### WORK ORDER
Begin at the line containing "Das Cobbe-Porträt des" in the records below, end at the line containing "illustratie set van", and retype each line in that span exactly. No other line and no image should appear.

### DATA

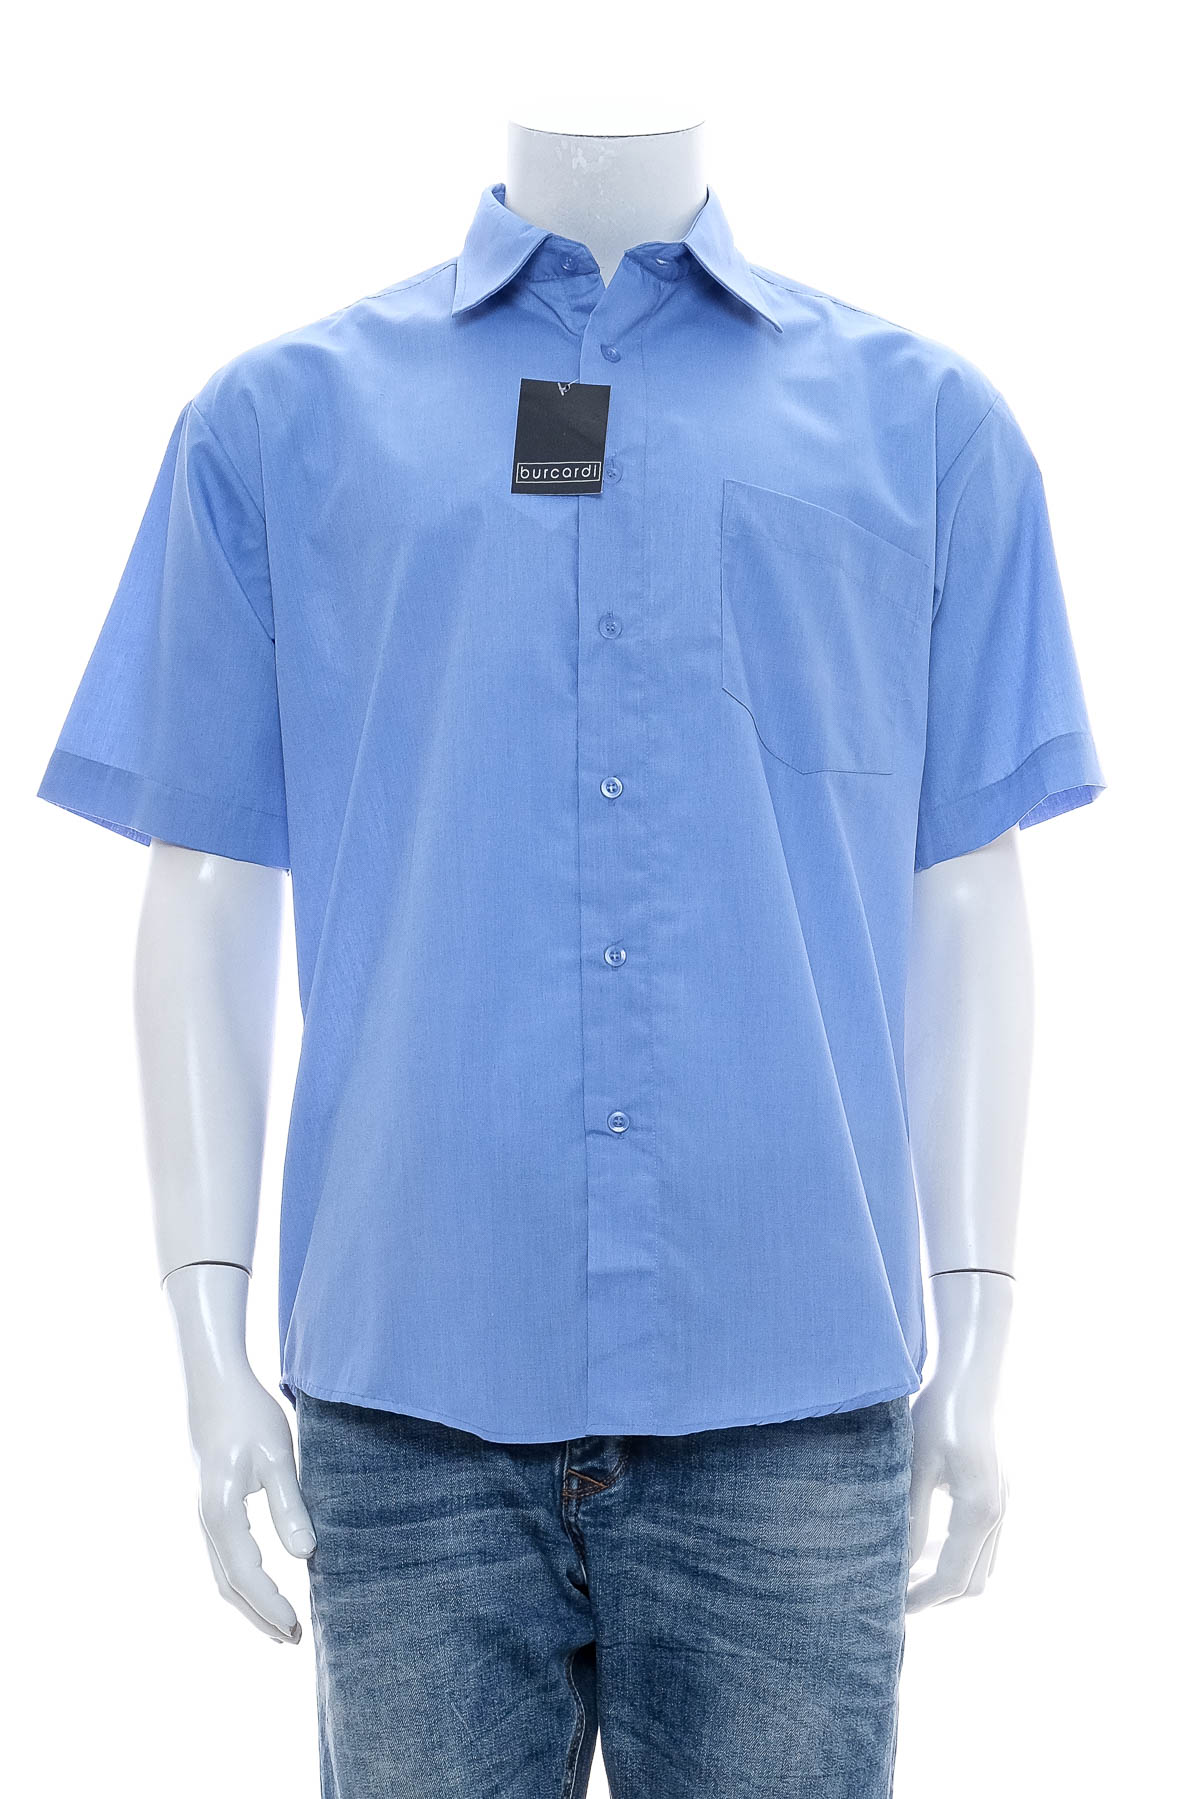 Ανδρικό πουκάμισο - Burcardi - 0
==
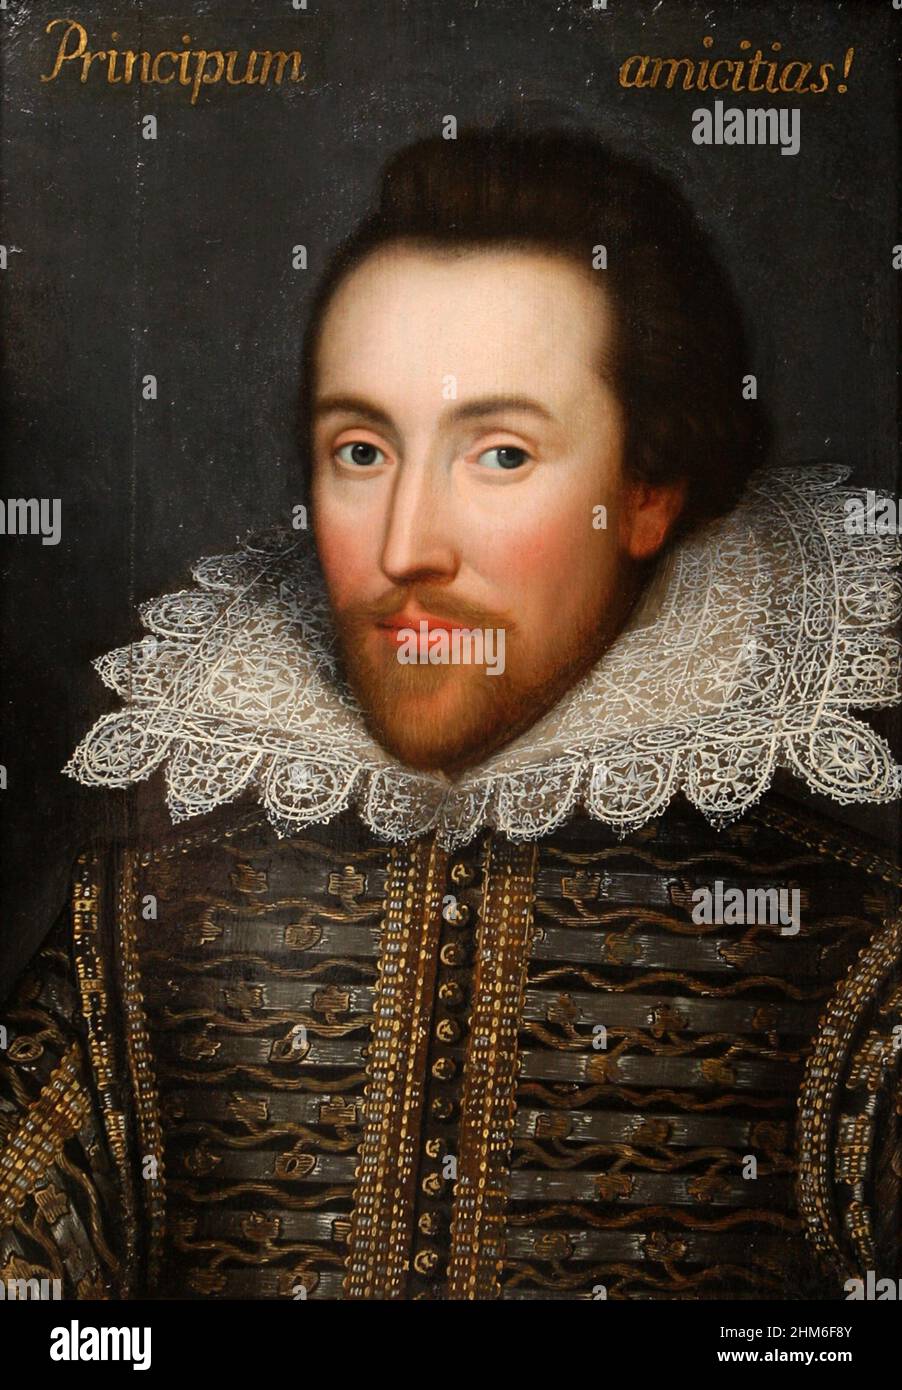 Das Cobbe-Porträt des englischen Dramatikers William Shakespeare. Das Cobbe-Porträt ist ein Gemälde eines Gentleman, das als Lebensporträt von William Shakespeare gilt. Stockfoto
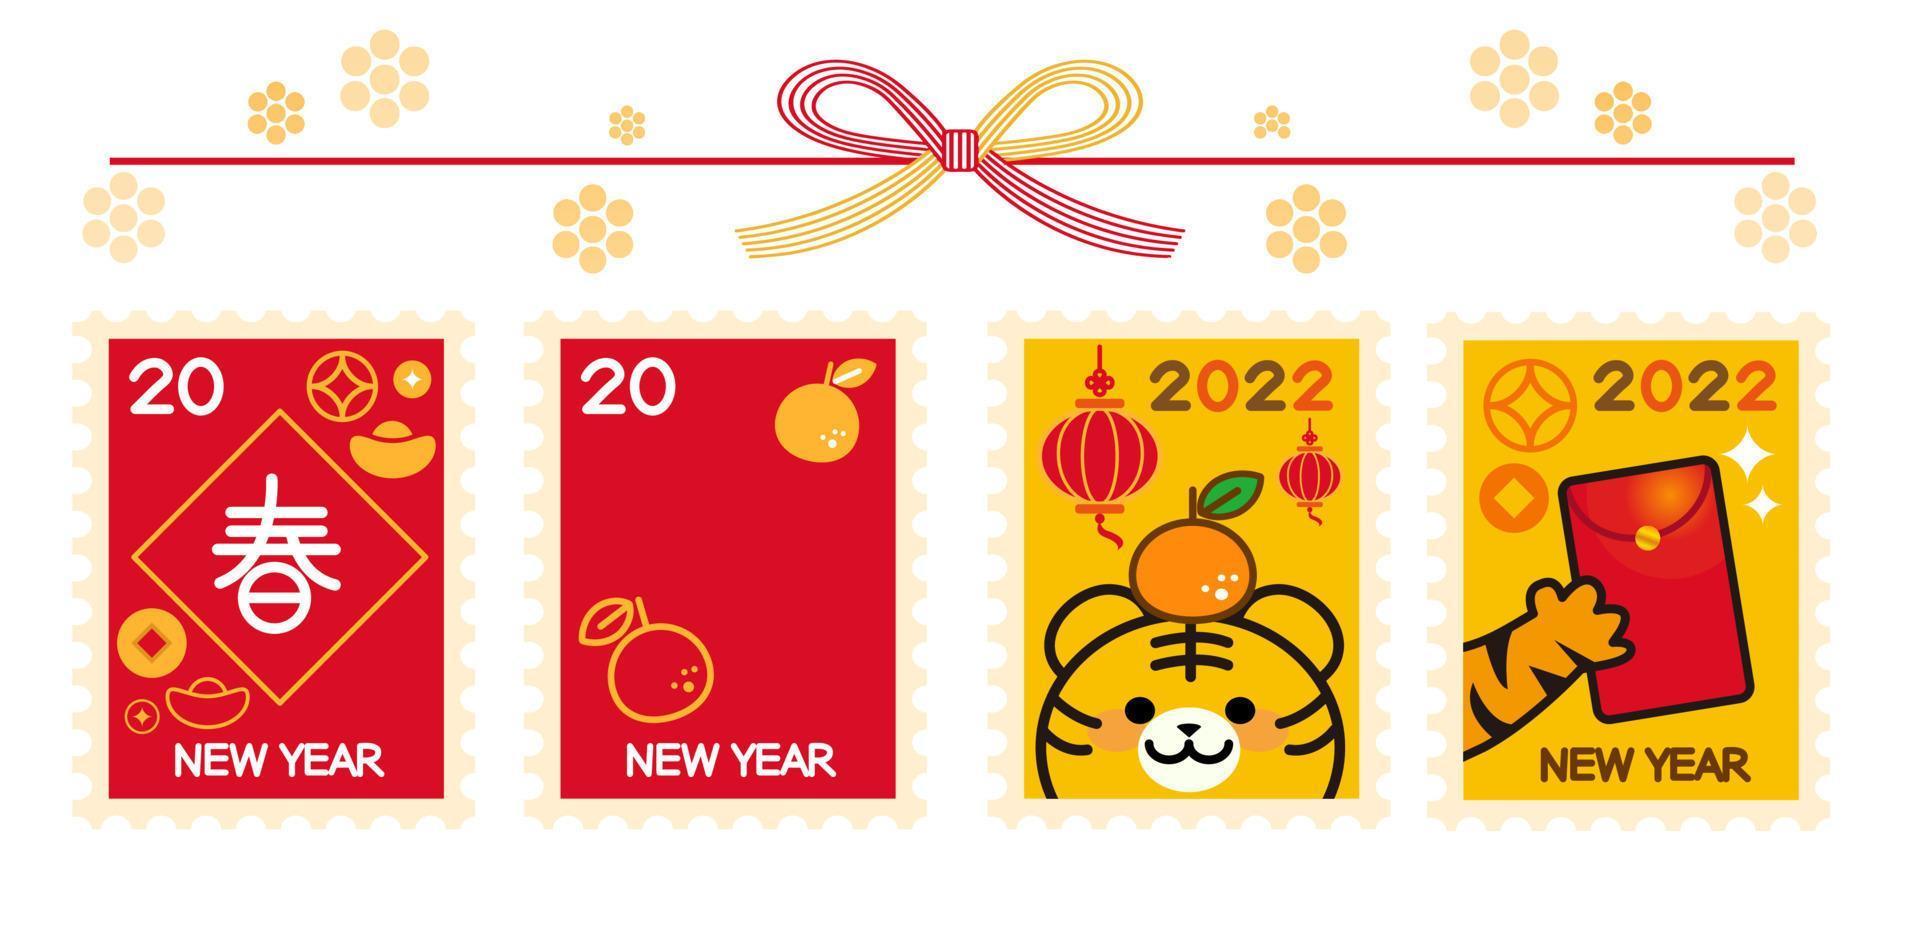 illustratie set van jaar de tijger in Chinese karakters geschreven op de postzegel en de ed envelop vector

### SOLUTION TO THIS EXERCISE
 Das Cobbe-Porträt des englischen Dramatikers William Shakespeare. Das Cobbe-Porträt ist ein Gemälde eines Gentleman, das als Lebensporträt von William Shakespeare gilt. Stockfoto
 illustratie set van jaar de tijger in Chinese karakters geschreven op de postzegel en de ed envelop vector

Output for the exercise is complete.